Enable debug logging of the MessageLoggingHandler (uncomment
log4j.category.org.globus.wsrf.handlers.MessageLoggingHandler=DEBUG
in $GLOBUS_LOCATION/container-log4j.properties), restart the GT server,
submit 1 job and send the logfile.
Don't have all debugging on, only the MessageLoggingHandler.

-Martin

Neha Sharma wrote:
> Hi Martin
> 
> w.r.t
>> I assume you did not change Java code for the new job manager, but
>> created
>> a SEG, and a perl module for it, right?
> 
> the answer is yes.
> 
>  I have been trying several things on my end, putting in several debug
> statements , tracking an incoming job through its various stages till
> its gets submitted to job manager etc.
> 
> The problem seems to be with the delegation service.
> 
> ++++++++++++++
> On the client side
> ++++++++++++++
> -bash-3.00$ globusrun-ws -submit -Jf neha.epr.fg -F
> fgintosg1.fnal.gov:9443 -Ft Cemon -c /bin/true
> Submitting job...Done.
> Job ID: uuid:af6b48ce-29fb-11de-9f72-001422086c92
> Termination time: 04/16/2009 20:26 GMT
> Current job state: Failed
> Destroying job...Done.
> globusrun-ws: Job failed: Failed when creating the Perl job description
> ; nested exception is:
>     org.globus.delegation.DelegationException: Error getting delegation
> resource [Caused by: org.globus.wsrf.NoSuchResourceException]
> 
> -bash-3.00$
> 
> ++++++++++
> neha.epr.fg
> ++++++++++
> -bash-3.00$ cat neha.epr.fg
> <DelegatedEPR xsi:type="ns1:EndpointReferenceType"

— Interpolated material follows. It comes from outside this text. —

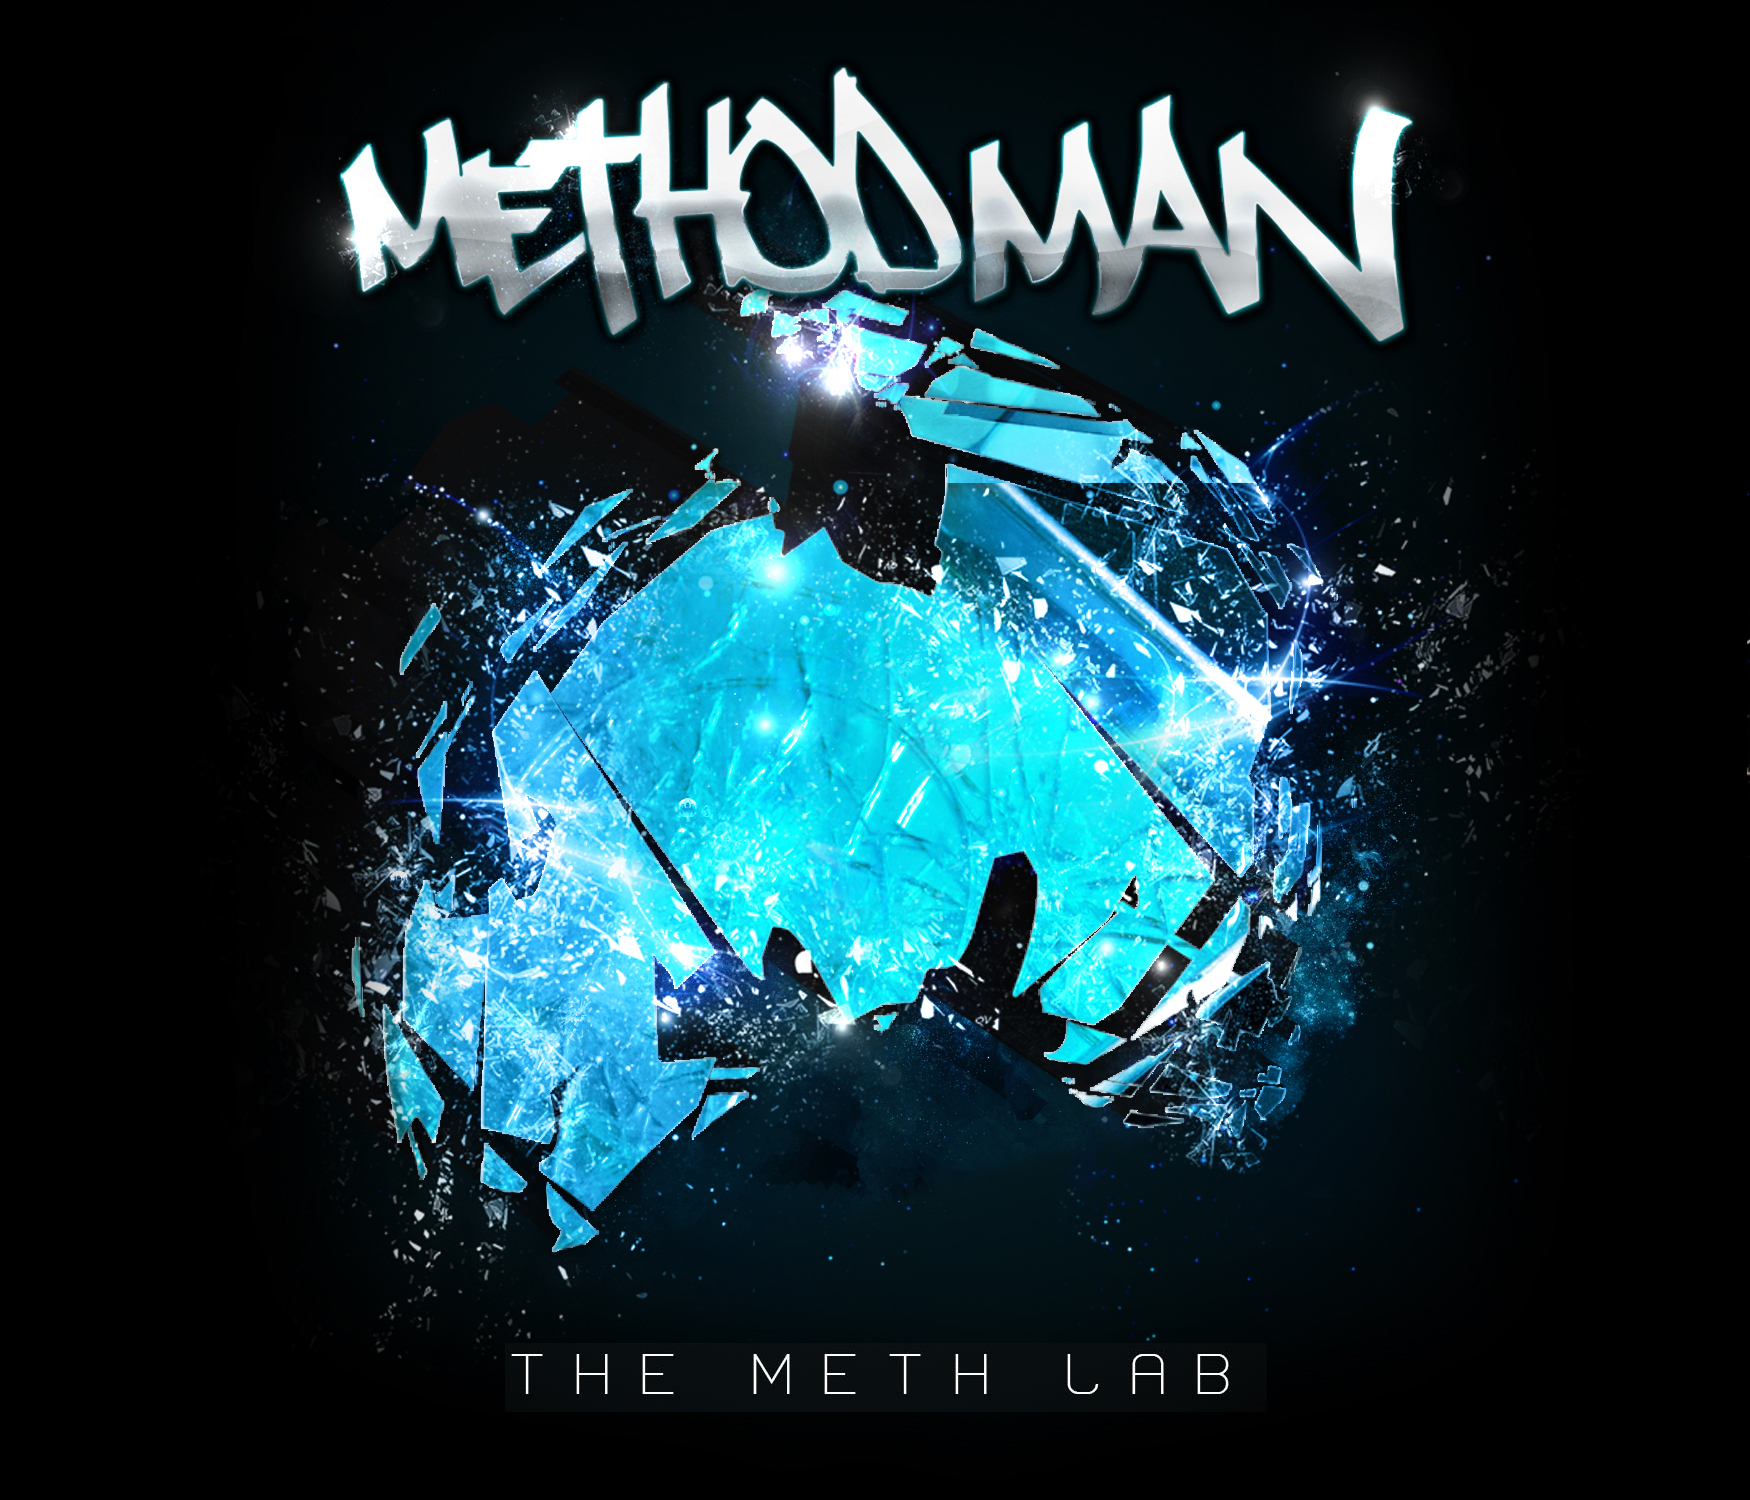 recenzja-method-man-the-meth-lab-soulbowl-pl-soulbowl-pl
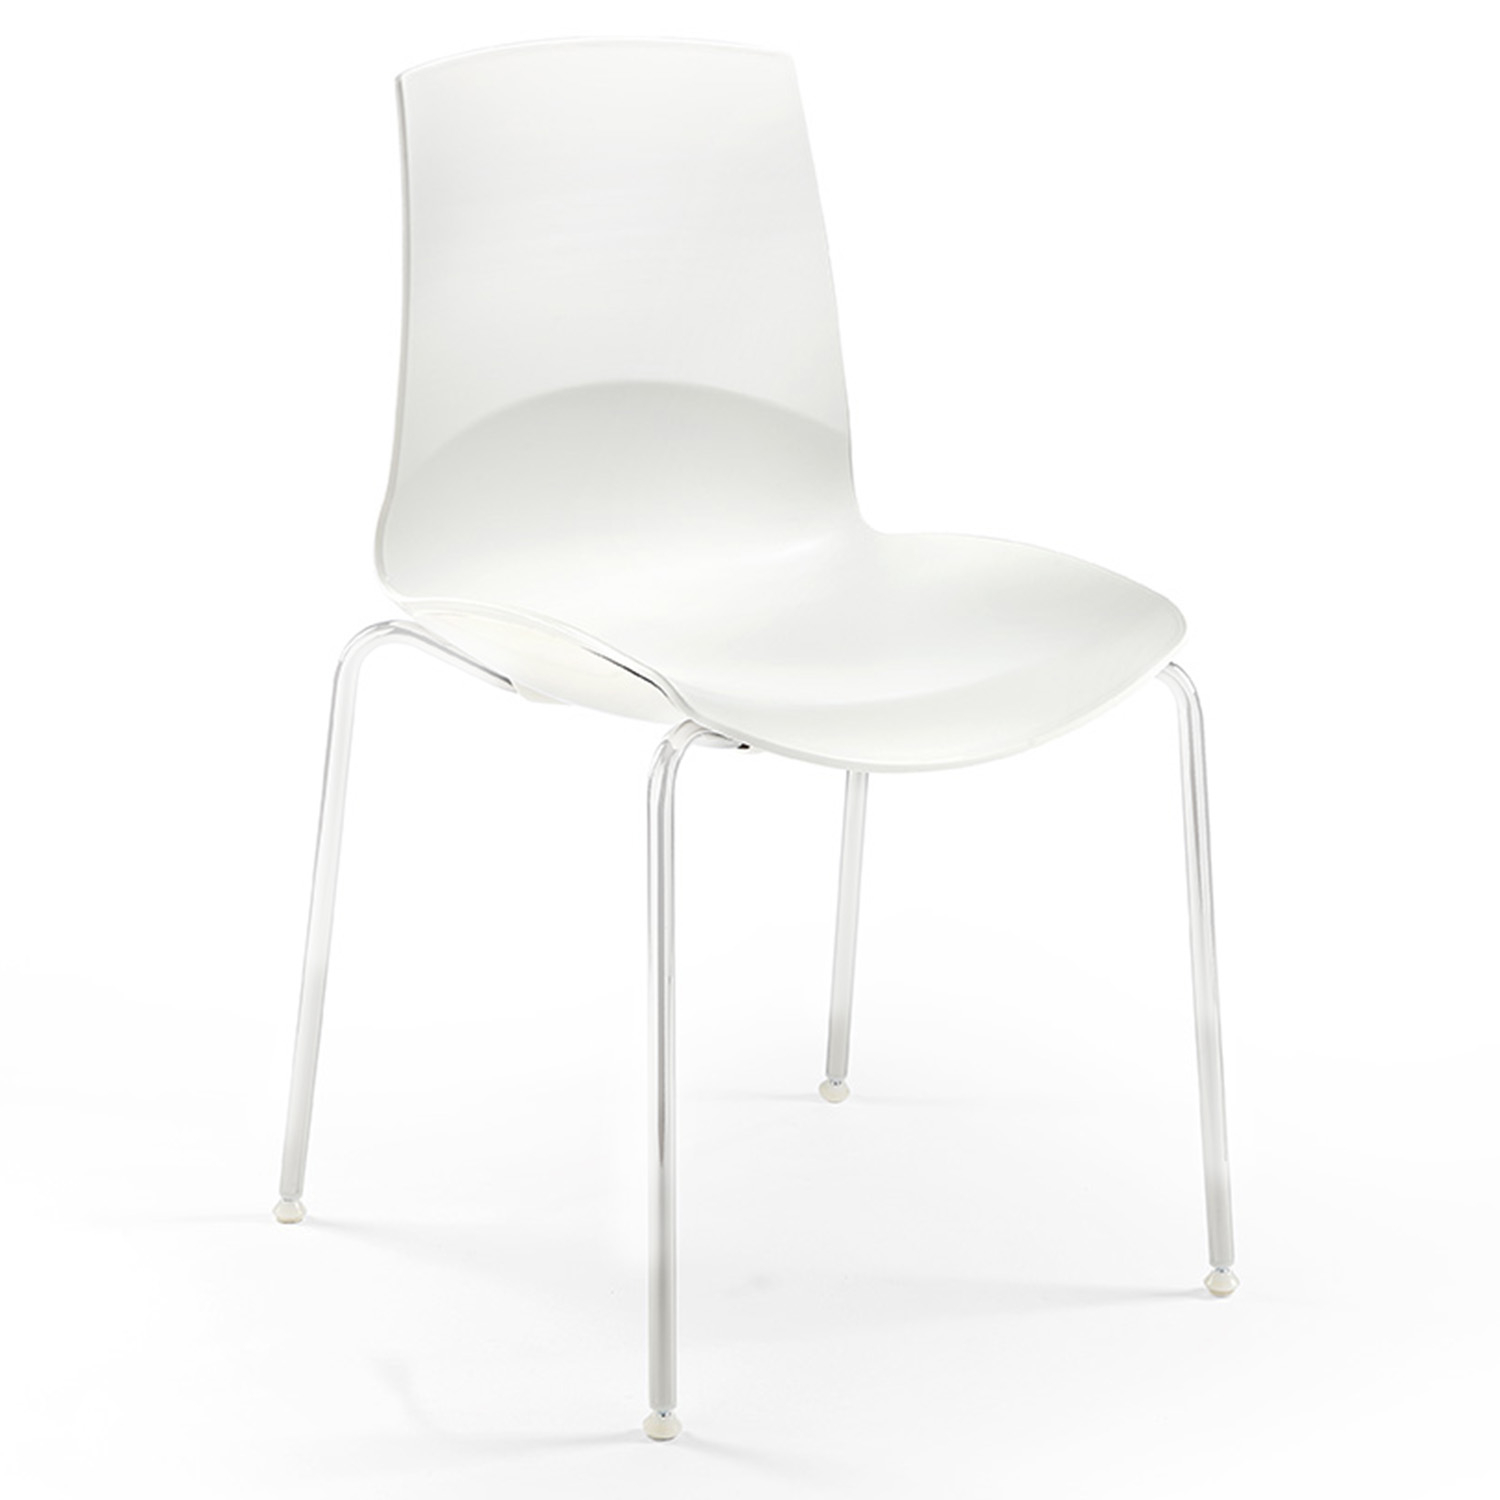 Výprodej Infiniti designové židle Now (bílý sedák/ ocel lakovaná bílá)

> xmlns:xsi="http://www.w3.org/2001/XMLSchema-instance"
> xmlns:ns1="http://schemas.xmlsoap.org/ws/2004/03/addressing">
>  <ns1:Address
> xsi:type="ns1:AttributedURI">https://131.225.81.96:9443/wsrf/services/DelegationService</ns1:Address>
> 
>  <ns1:ReferenceProperties xsi:type="ns1:ReferencePropertiesType">
>   <ns1:DelegationKey
> xmlns:ns1="http://www.globus.org/08/2004/delegationService">83aca030-2865-11de-8f8e-87fe9d875190</ns1:DelegationKey>
> 
>  </ns1:ReferenceProperties>
>  <ns1:ReferenceParameters xsi:type="ns1:ReferenceParametersType"/>
> </DelegatedEPR>
> -bash-3.00$
> 
> 
> and this is the relevant piece of log
> ++++++++++++++++++++++++++++++++++++++++
> 
> CONTAINER-REAL LOG
> ++++++++++++++++++++++++++++++++++++++++
> 
> 2009-04-15 15:26:23,064 DEBUG utils.DelegatedCredential
> [RunQueueThread_3,getDelegatedCredential:154] new DelegatedCredential()
> 2009-04-15 15:26:23,064 DEBUG utils.DelegatedCredential
> [RunQueueThread_3,<init>:214] Entering DelegatedCredential()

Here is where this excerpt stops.